Body Dysmorphic Disorder is a philosophical mind-body conundrum. How can I trust an interpretation of appearance from a professional who is ugly and dishevelled or from a professional who is botox’d, naturally beautiful and/or surgically enhanced?  I have well-meaning friends who greet me with phrases like: ‘hi gorgeous’ in order to attempt to lift my spirits over my imagined ugliness. It never has the desired effect. It often propels me into a very negative space. Their cheerful compliments are an attempt to deconstruct my view for the better but I have an allen key that can only put me back together in the same format each time. I can’t explain to you how it feels to grow up and spend your entire life with Body Dysmorphic Disorder, it will only make you cry. I do know it is nothing like the trivialized version I keep hearing celebrities soundbite about. 
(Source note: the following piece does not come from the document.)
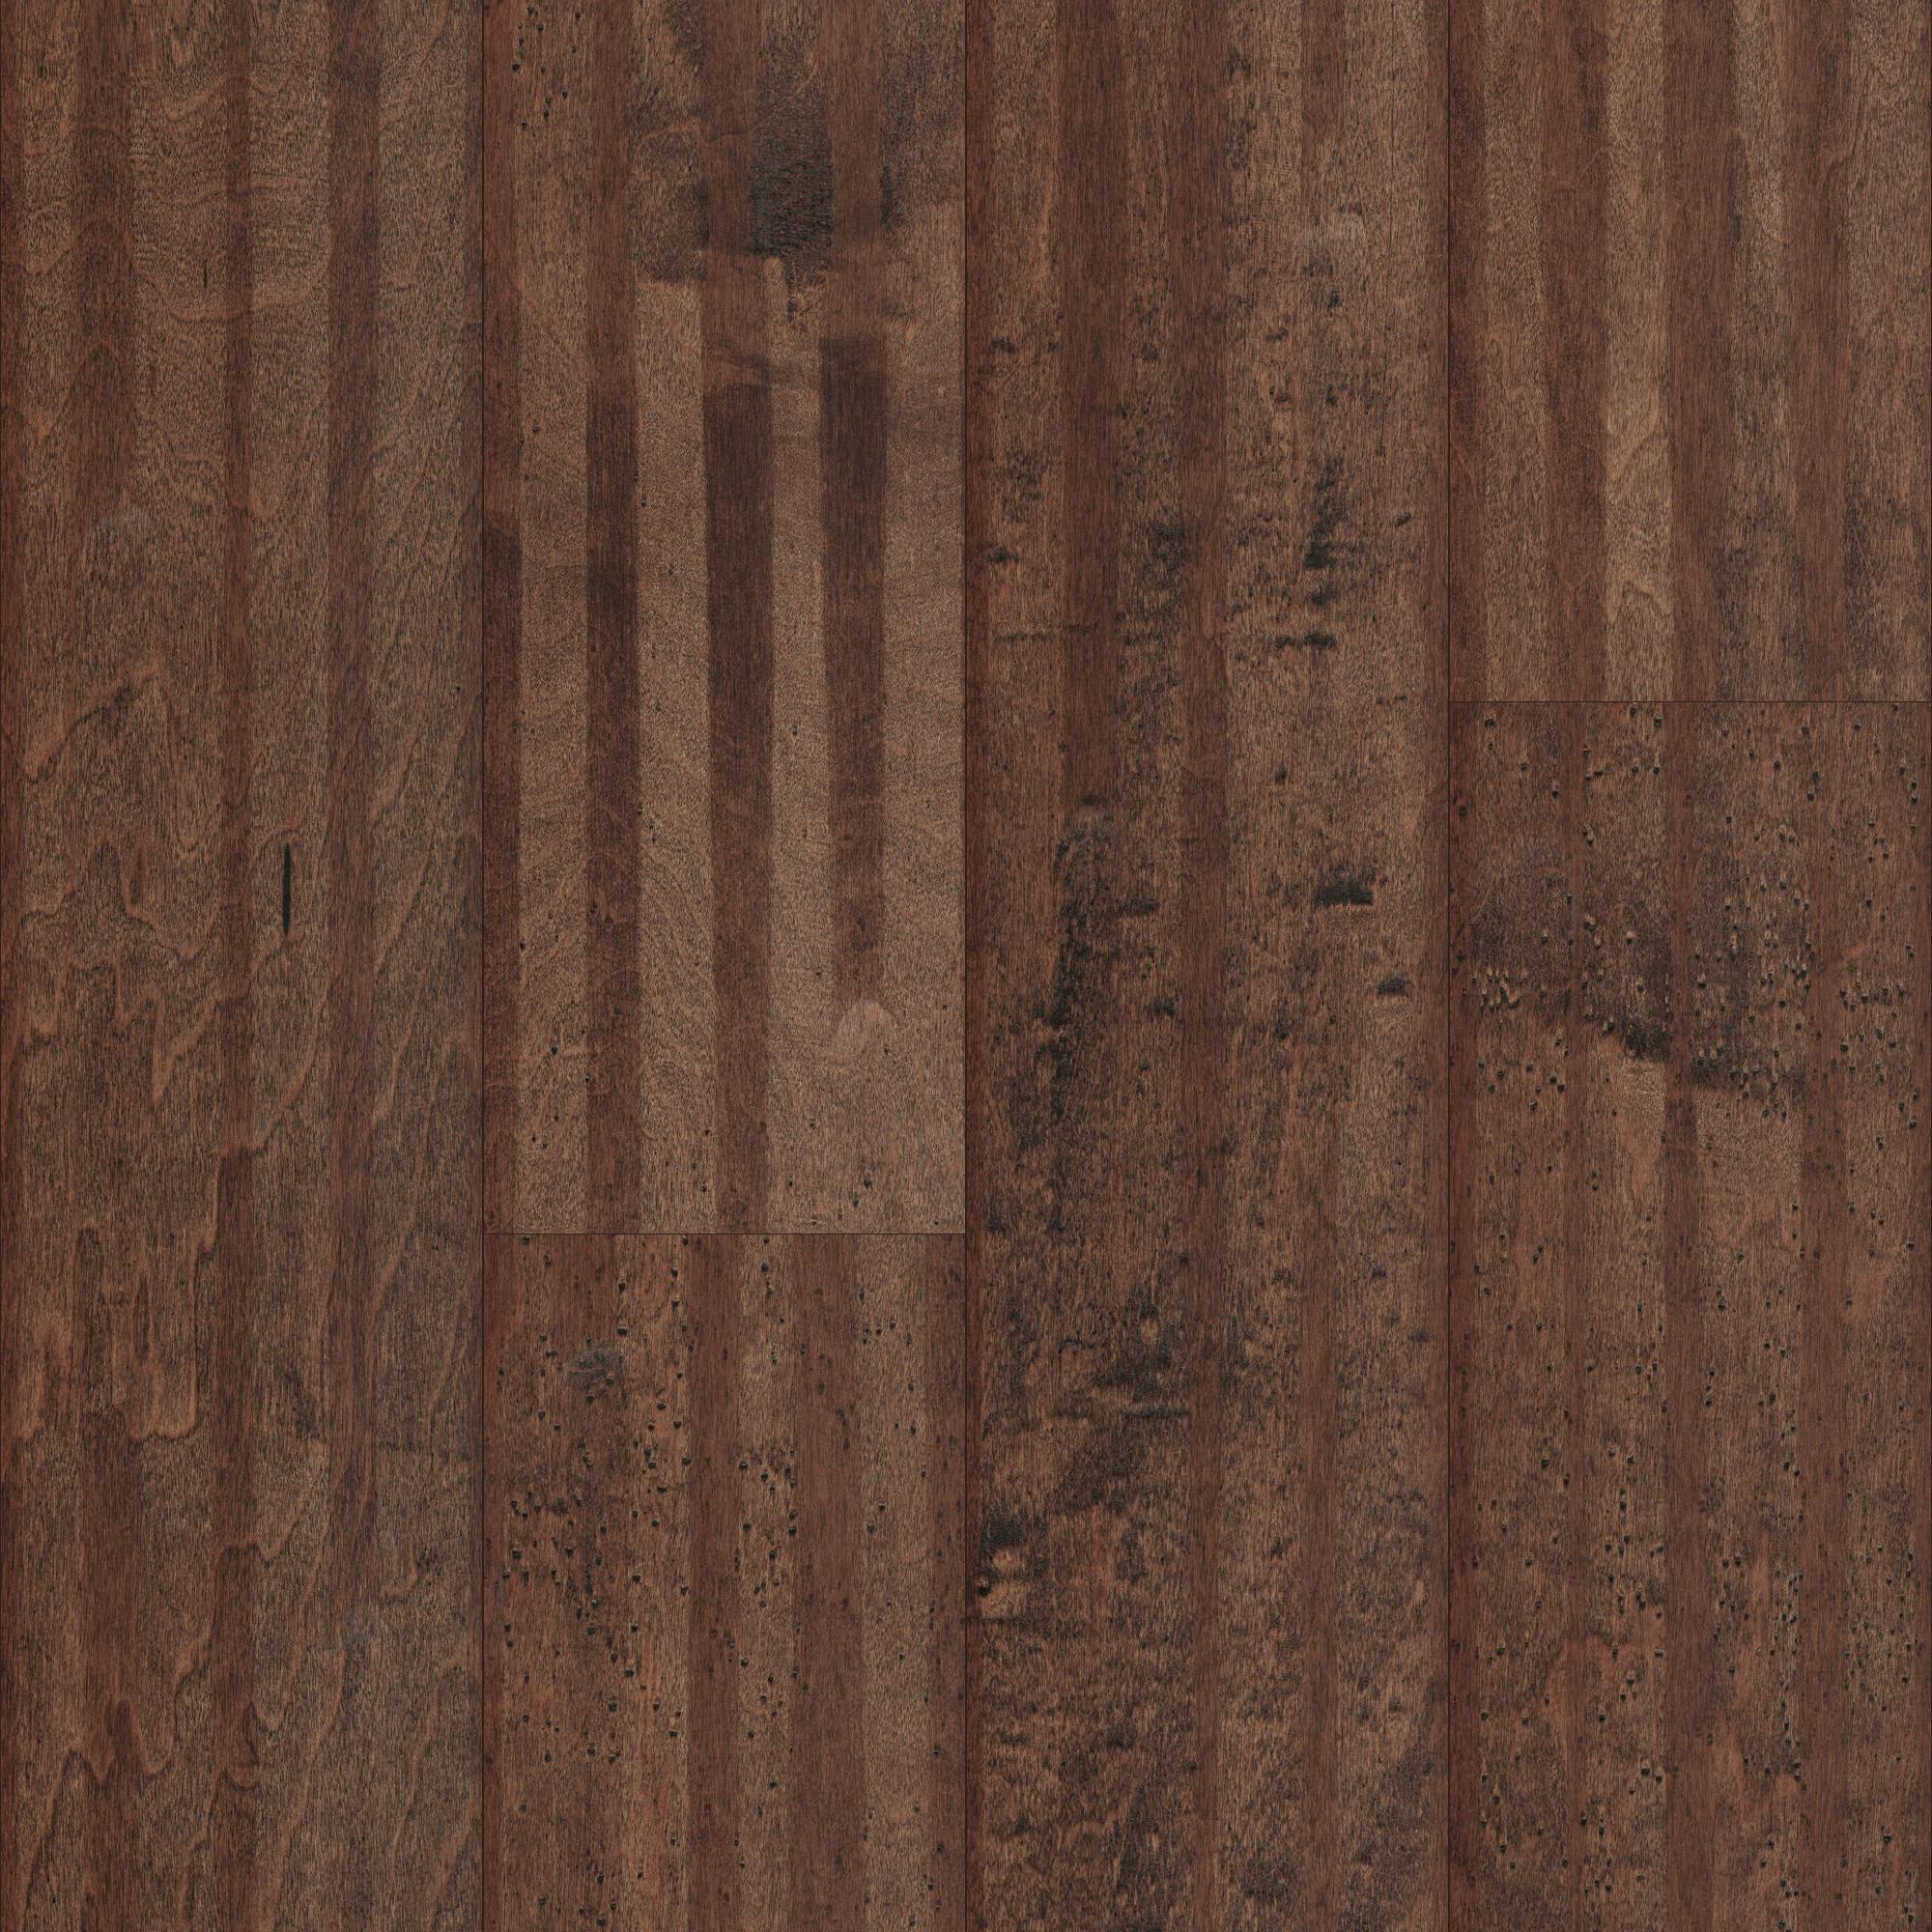 imperial walnut hardwood flooring of laminate wood flooring sale floor plan ideas pertaining to laminate wood flooring sale mullican lincolnshire sculpted maple autumn 5

I have very few photos of myself other than the ones my ex-husband took of me in my moments of smaller recoveries. I often wonder how many parts of me are caught in the backgrounds of other people’s photos around the world. Hardly a day goes by when someone nearby is not taking a photo where I am convinced that a shoulder or a hand or a foot or some other part of me has wound up in the background of their photo. My mum has pictures of her family and her sisters and my brother on a sideboard in her living room.  There is only one photo of me on her sideboard and I do not like it. I decided to buy a multiple picture frame in Ikea so I could load it up with some better photos of me but I only have those photos where I am with my ex-husband and they now seem inappropriate. I wish I had had the courage to stand in front of a camera more as I was growing up because now I have no photos to offer my mum to look at on her sideboard. There are precious few of her too.